Our top ICA component looks like this:
import nilearn
import nibabel as nib
def plot_IC(fpath, i_component=None, threshold=3, display_mode="z"):
img = nib.load(fpath)
if i_component is not None:
img = nilearn.image.index_img(img, i_component)
display = nilearn.plotting.plot_stat_map(
img, threshold=threshold, display_mode=display_mode
)
return display
fig_IC = plot_IC(
dpath_outputs / "melodic_results" / "melodic_IC.nii.gz",
i_component=i_components_sorted[0],
)
We compare our top ICA component with the PD-ICA component from the original paper (available here):
%%bash
if [ ! -f ${FNAME_PD_ICA} ]
then
wget "https://neurovault.org/media/images/860/melodic_IC_0007.nii.gz"
else
echo 'ICA file already exists, skipping download'
fi
ICA file already exists, skipping download
fig_IC_orig = plot_IC("melodic_IC_0007.nii.gz")

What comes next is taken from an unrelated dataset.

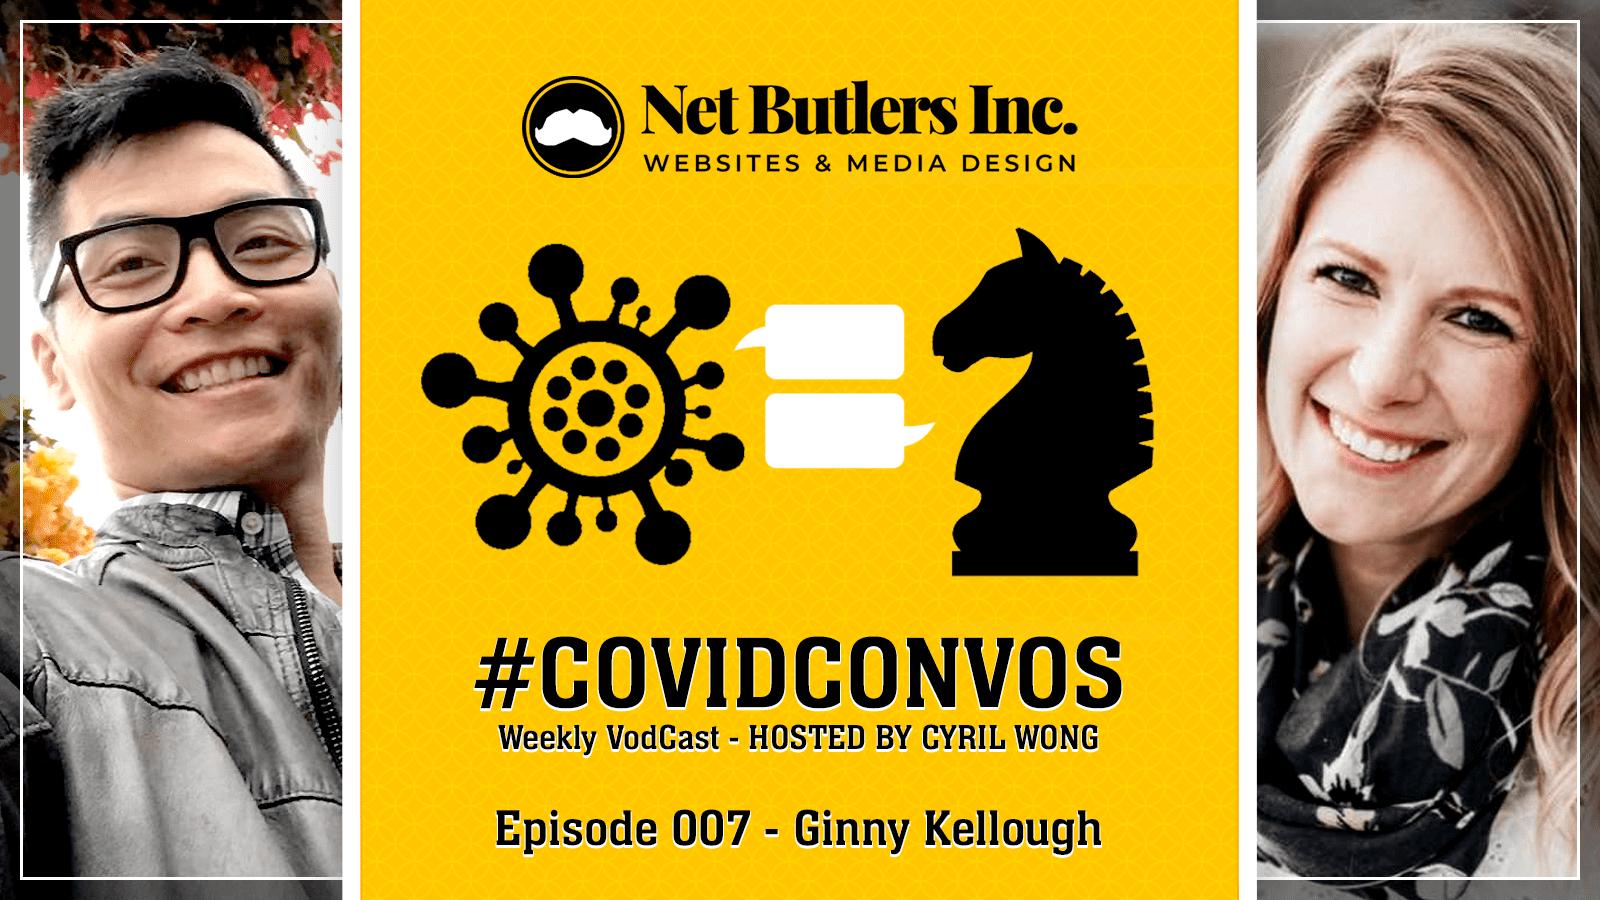 Ginny Kellough's Covid-19 Experience

Our most significant component does not match the PD-ICA component described in the original study: we obtain regions mostly in the frontal lobe, while the original ICA component mainly includes subcortical regions. Moreover, our clusters tend to be bigger than those in the PD-ICA component, suggesting that there could be inconsistencies in spatial smoothing procedures between our pipeline and the one used in the original study.